— What the task requires —
The answer is an exact copy of the lines from the one with "Browser TV Web - BrowseHere" to the end of the listing below, pictures left out.

— Data provided —
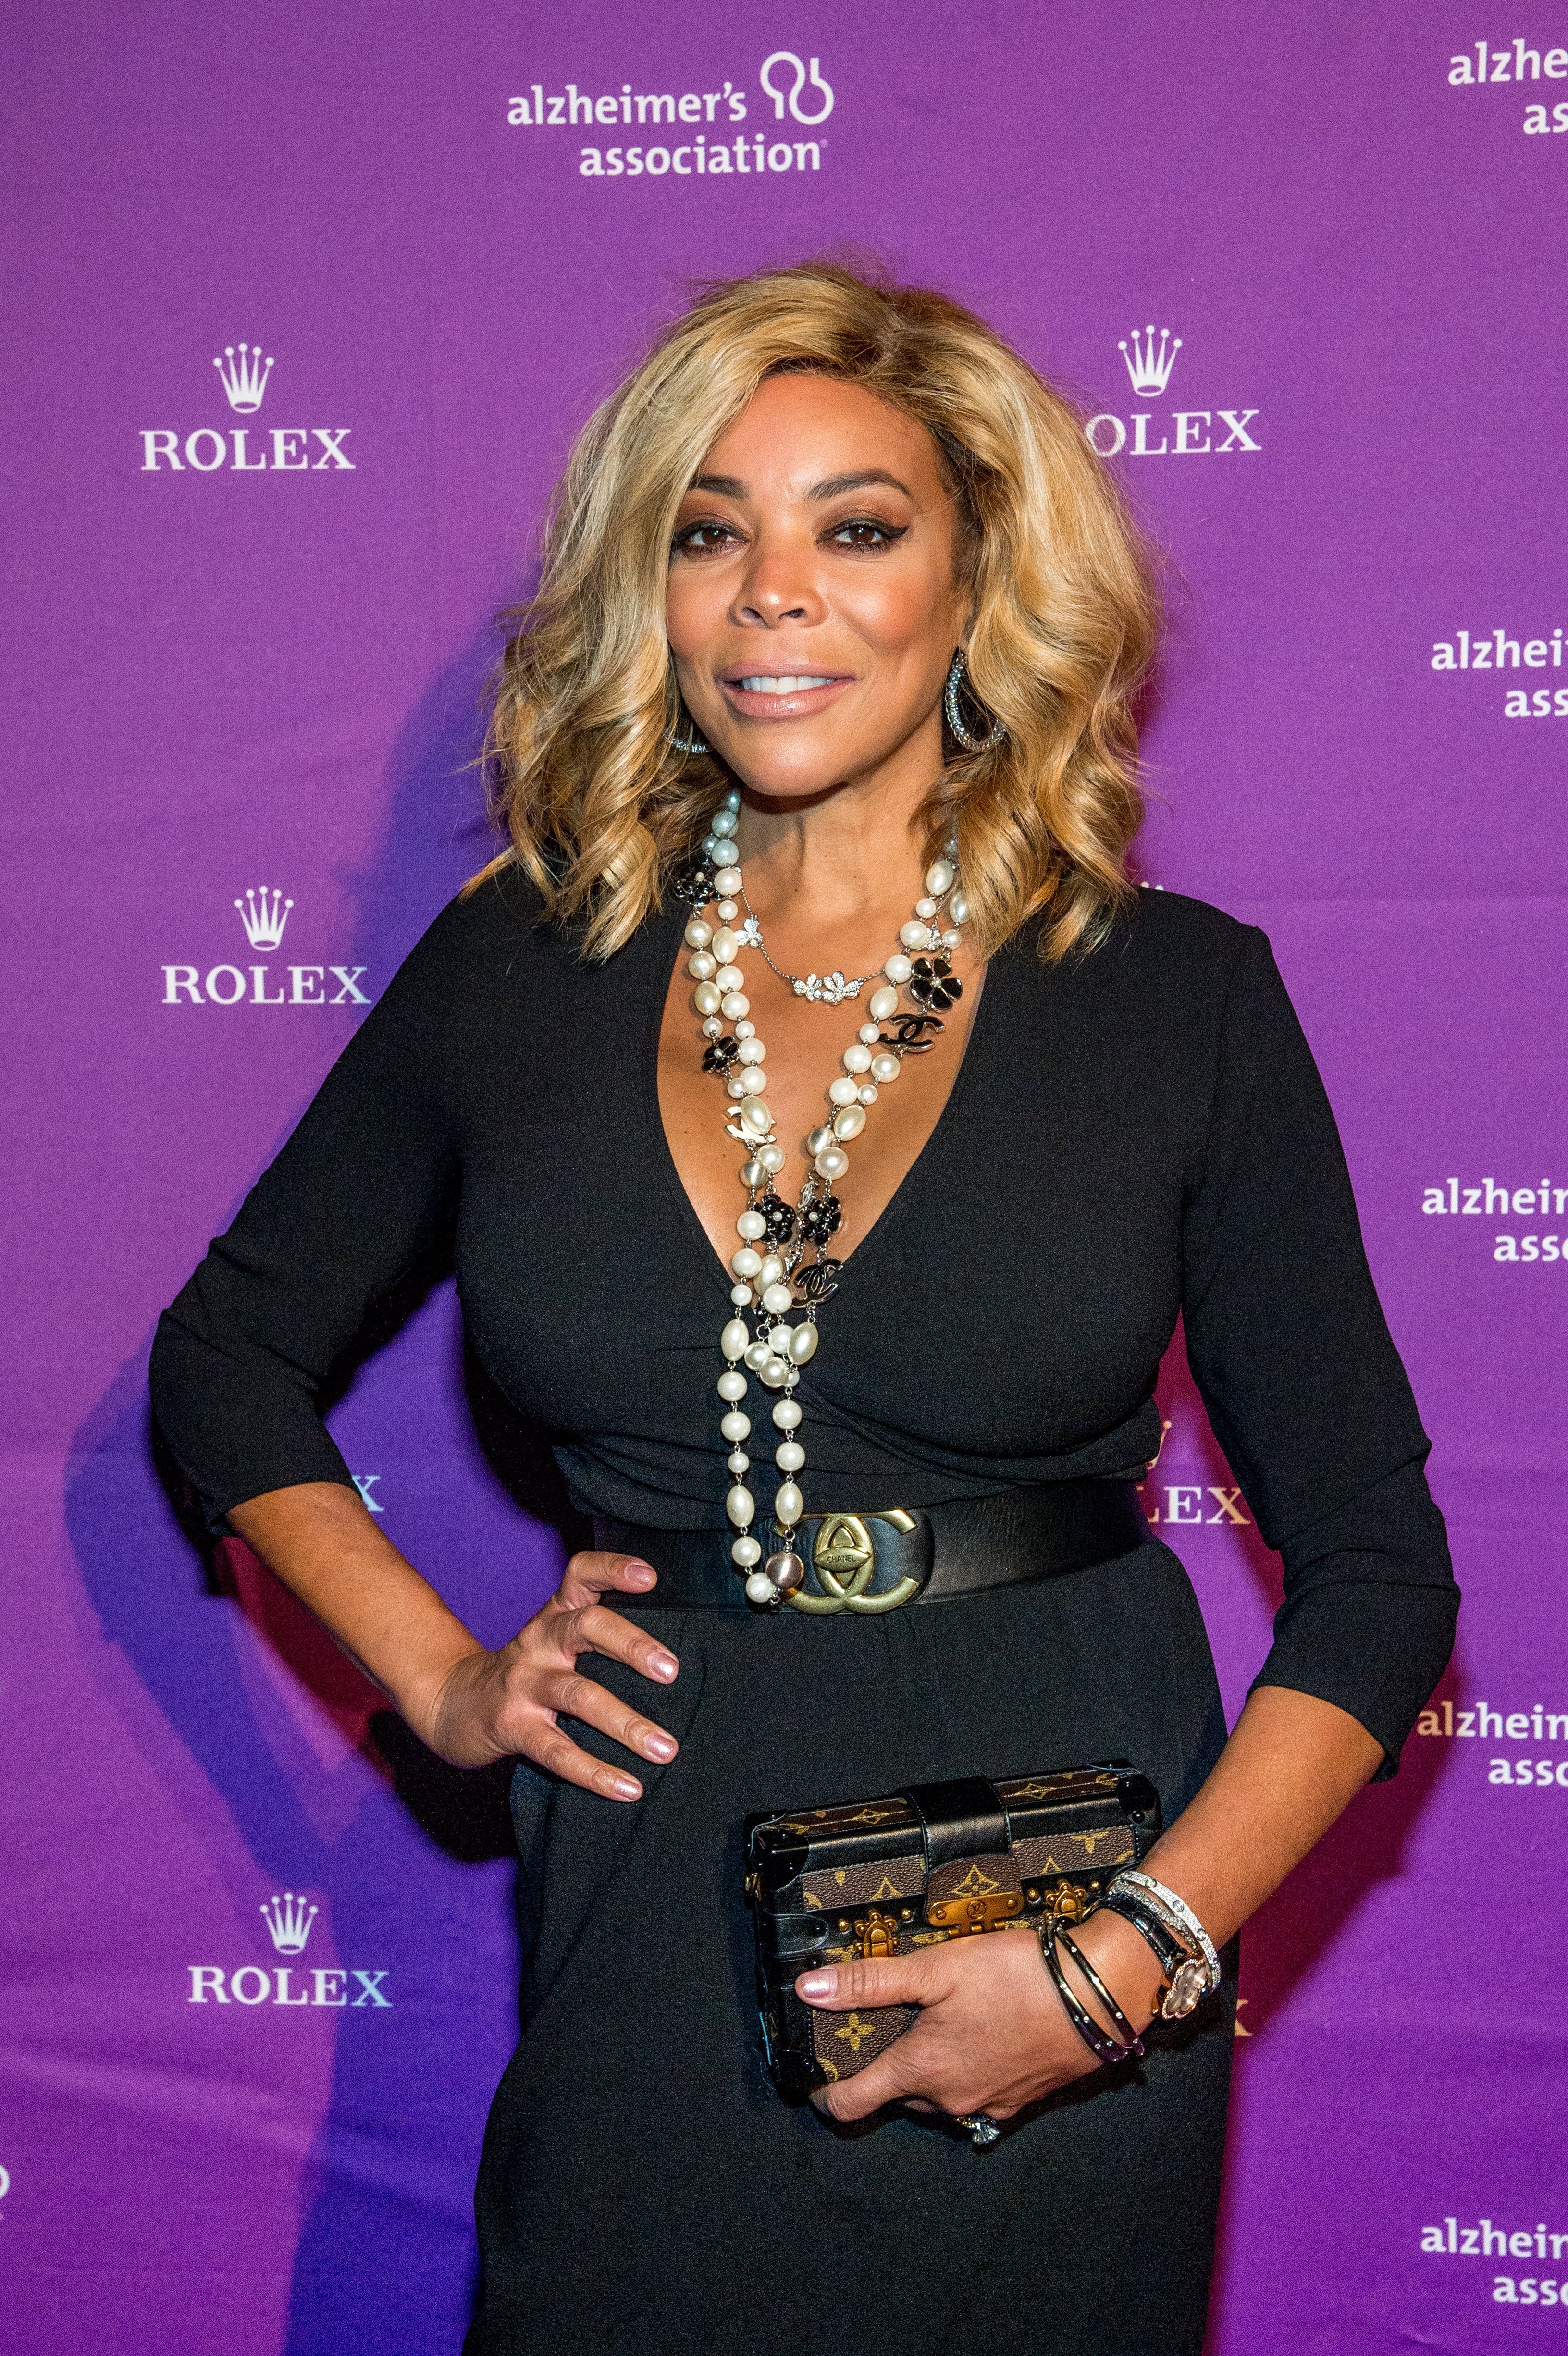 Wendy Williams attending the 33rd Annual Alzheimer's Association Rita Hayworth Gala in October 2016. | Photo: Getty Images
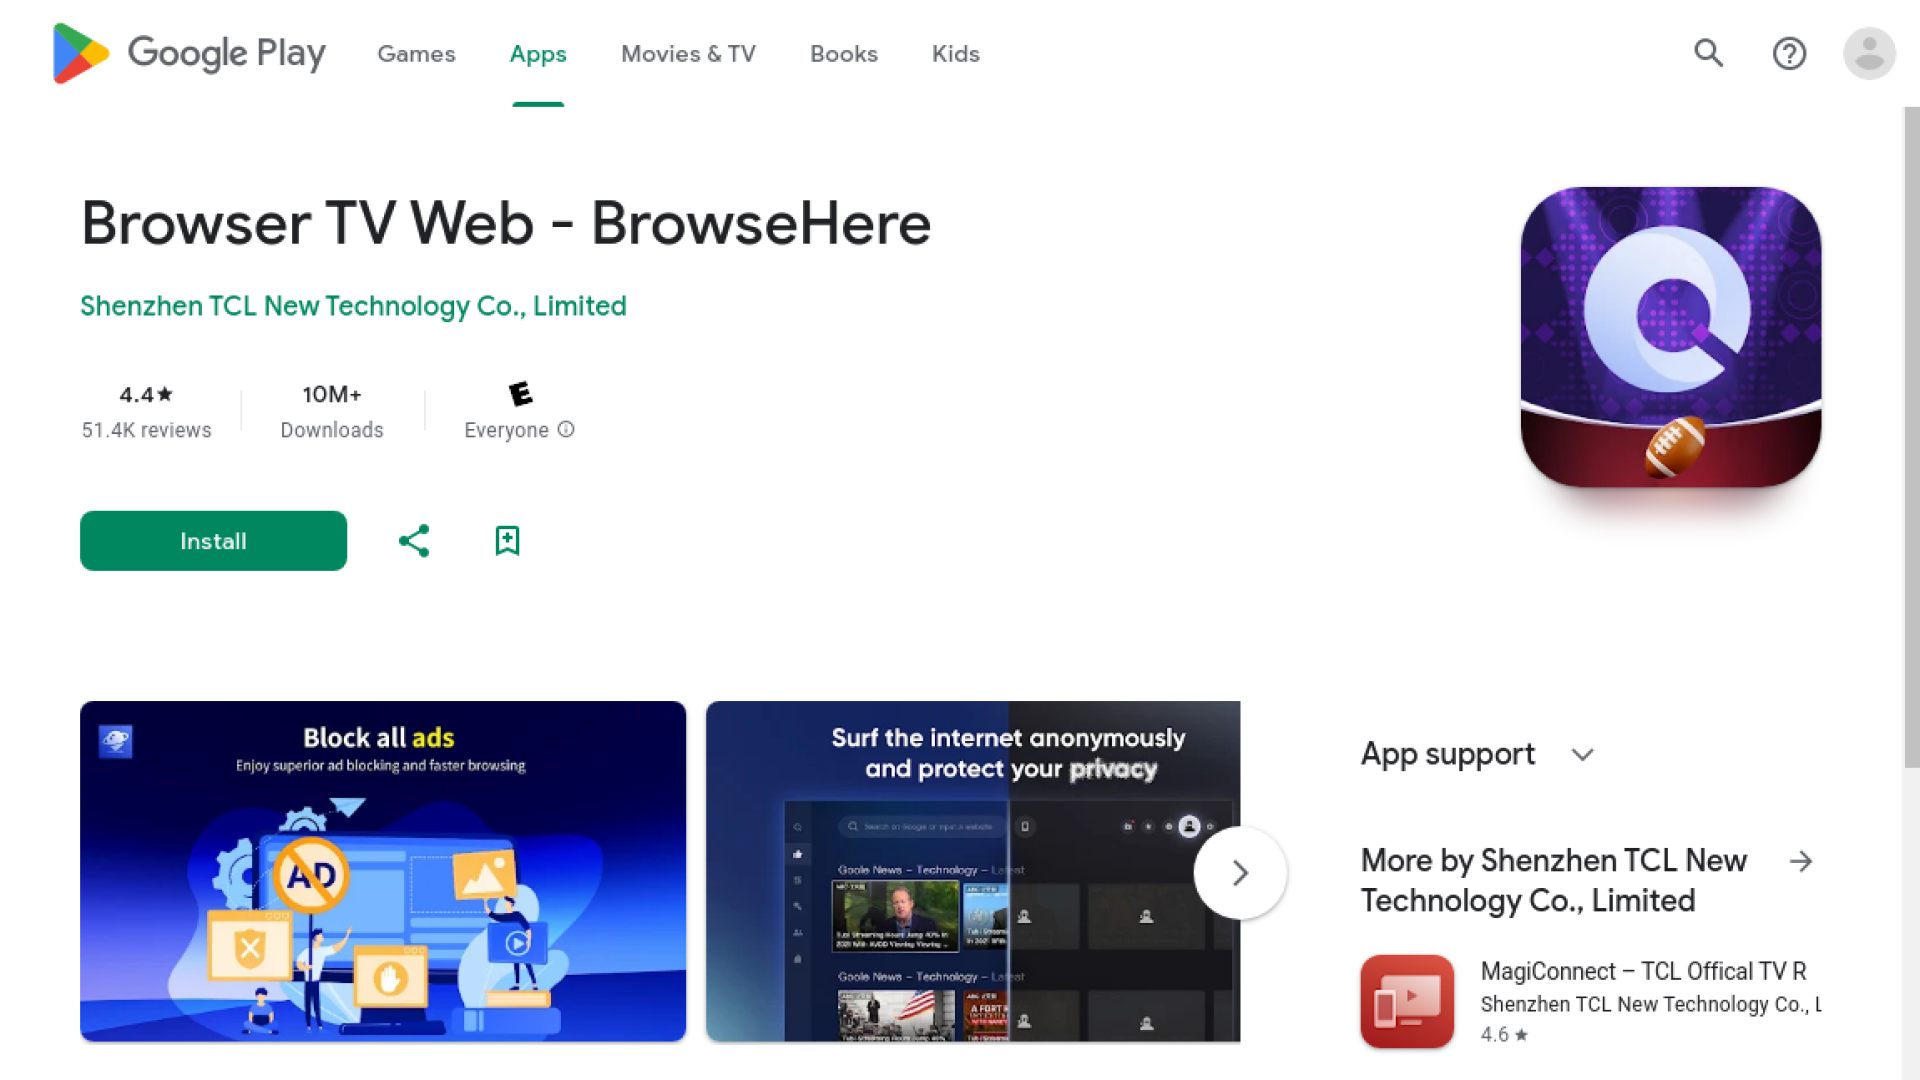 Browser TV Web - BrowseHere
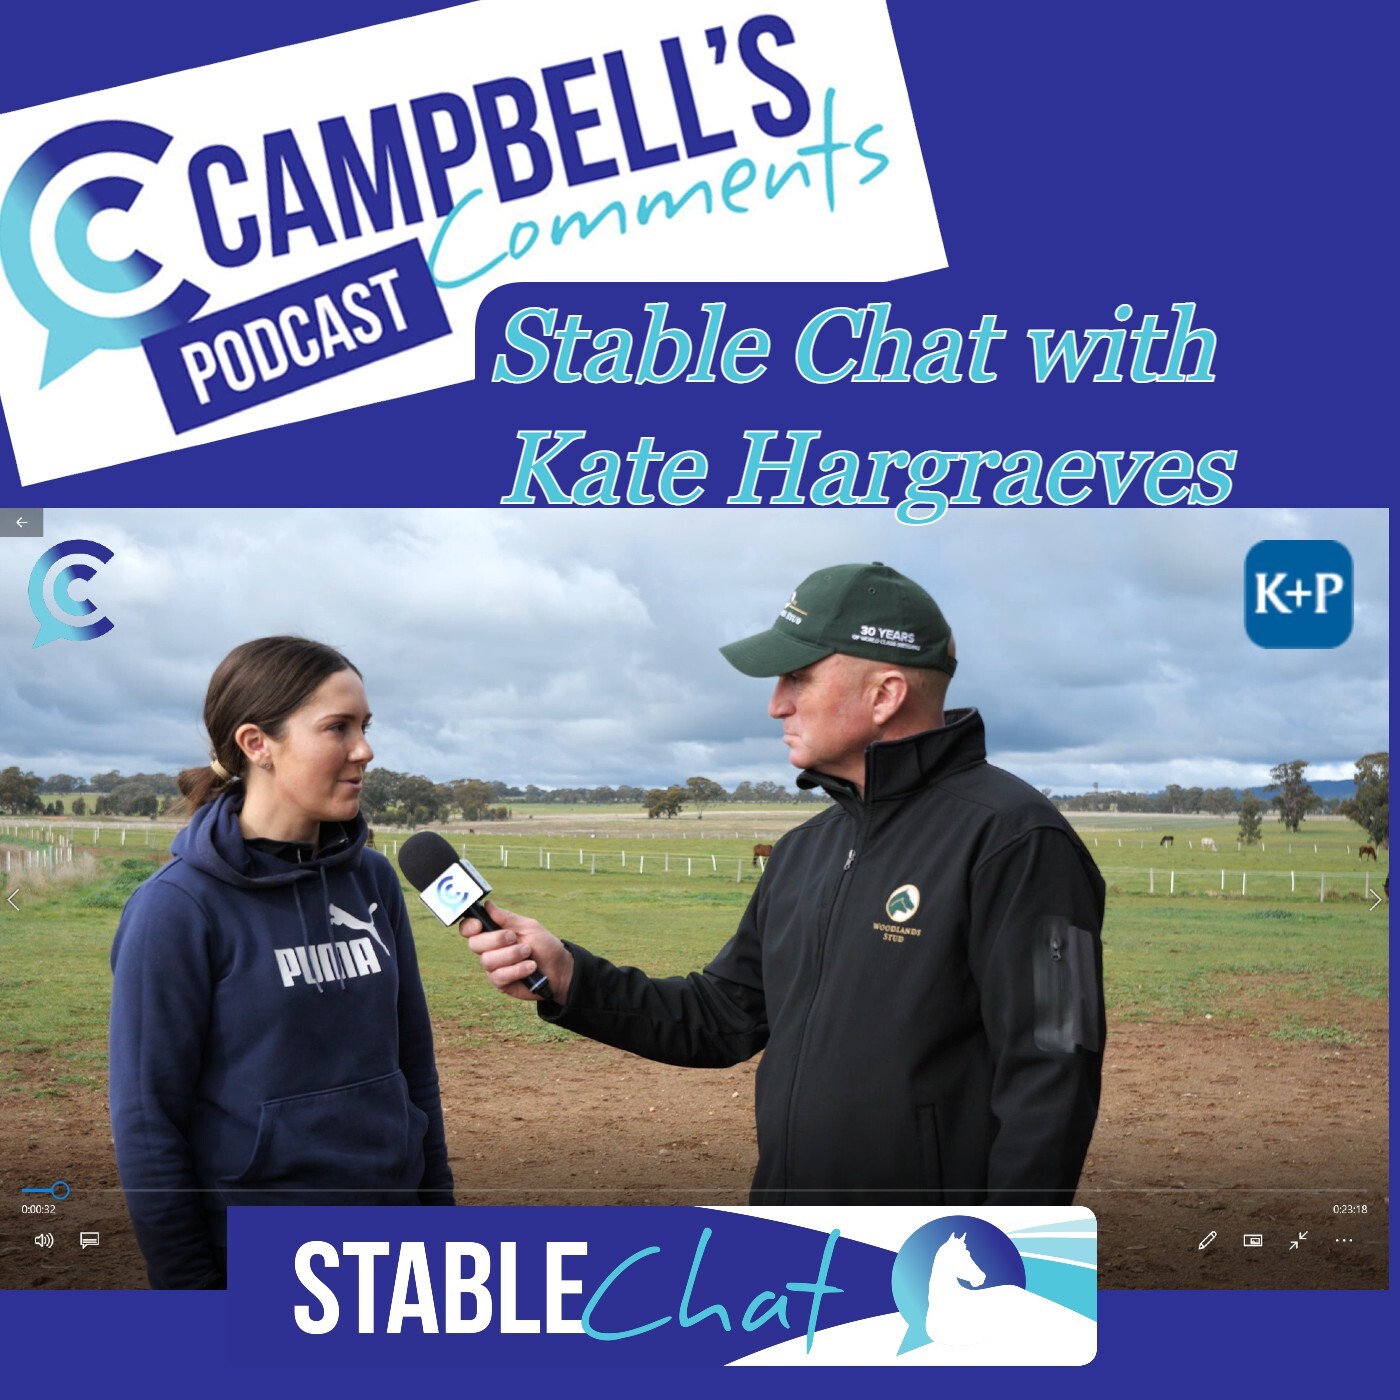 You are currently viewing 155: Stable Chat with Kate Hargreaves Racing.

— Your response —
 Browser TV Web - BrowseHere
 You are currently viewing 155: Stable Chat with Kate Hargreaves Racing.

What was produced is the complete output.